- Task objective:
Take the entries below and reproduce exactly the portion that begins at the line containing "pink roses bouquet dozens" and ends at the line containing "José_Ramón_Novoa_Suarez", keeping both ends, dropping pictures, and adding nothing else.

- Dataset entries:

>>>

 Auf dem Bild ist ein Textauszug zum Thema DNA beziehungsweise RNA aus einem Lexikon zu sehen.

<<<
>>>

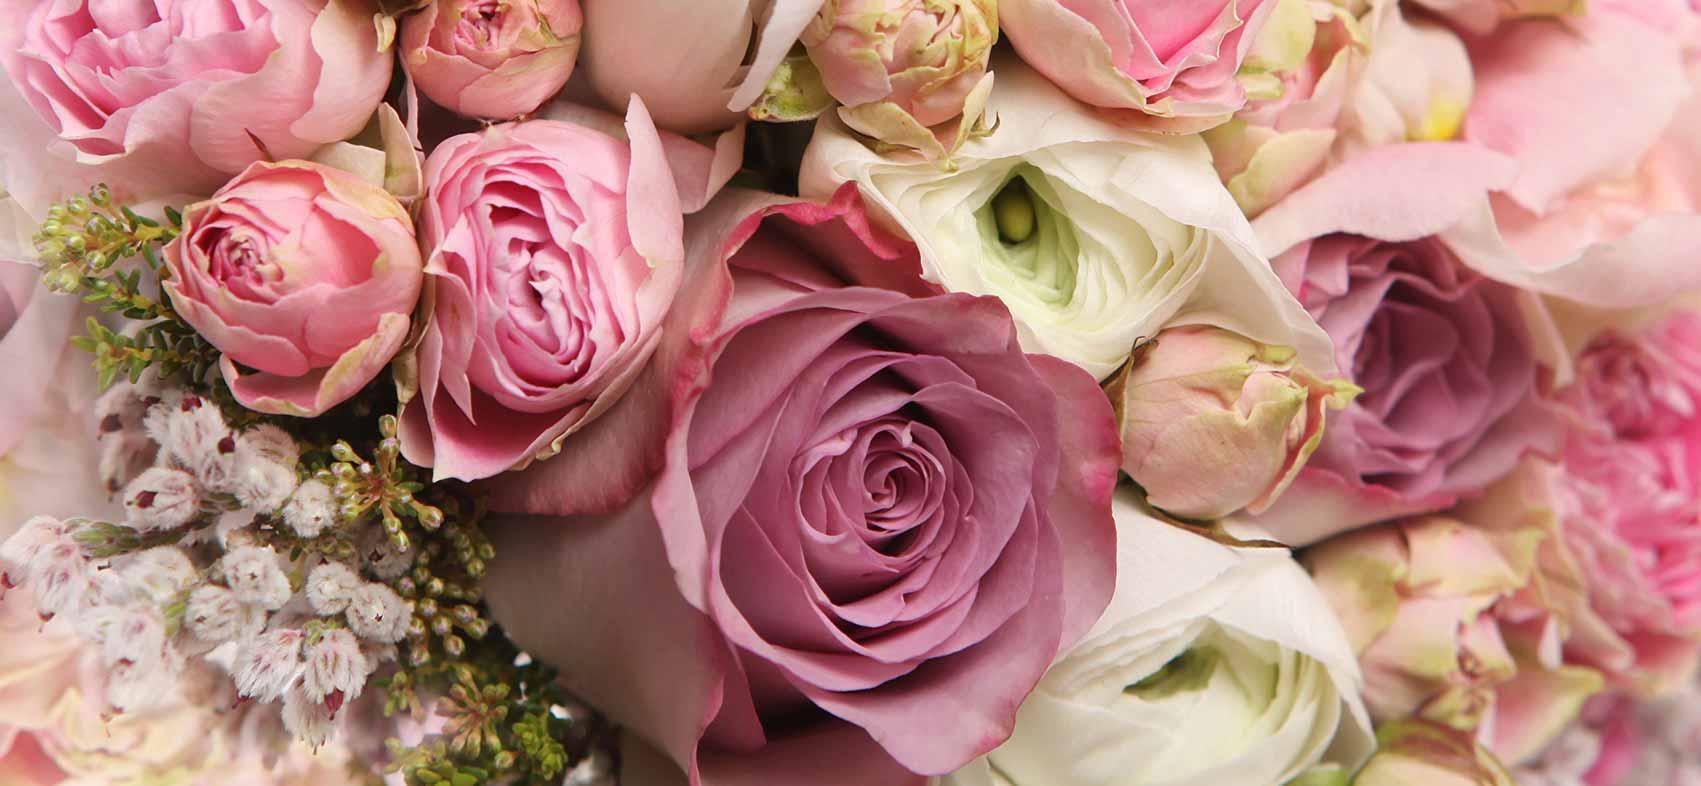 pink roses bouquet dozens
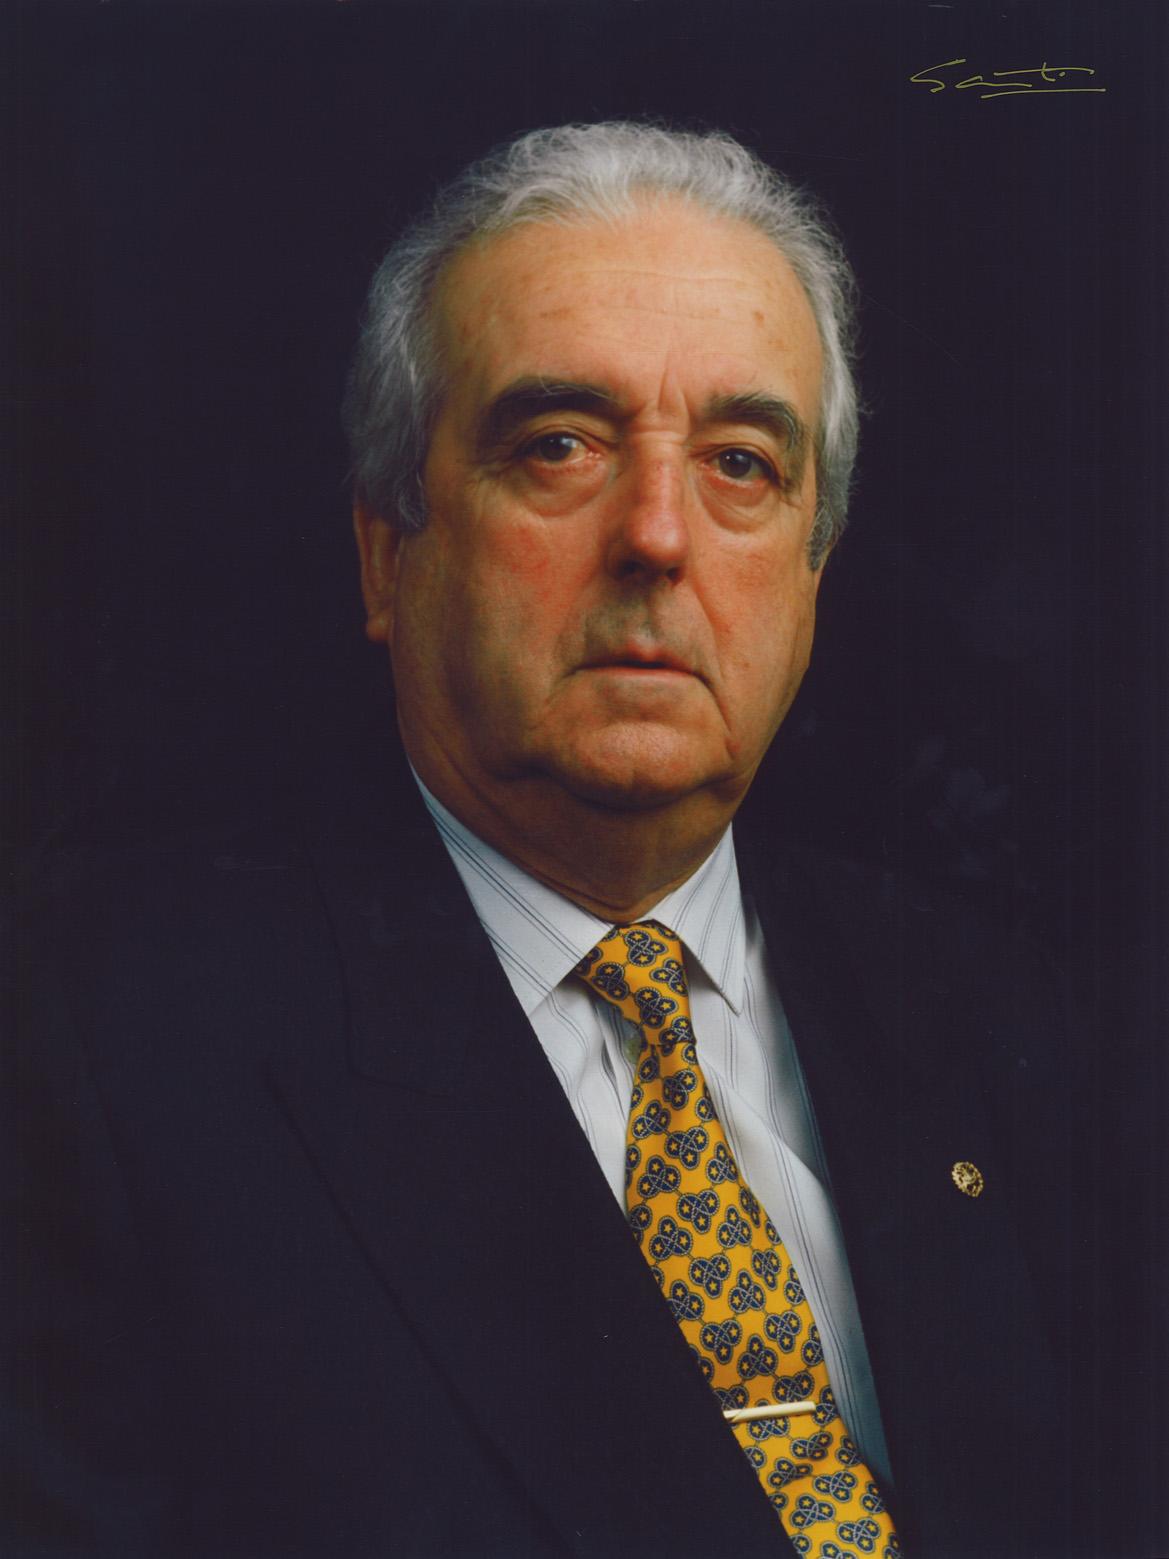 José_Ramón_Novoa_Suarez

<<<

- Answer space:
 pink roses bouquet dozens
 José_Ramón_Novoa_Suarez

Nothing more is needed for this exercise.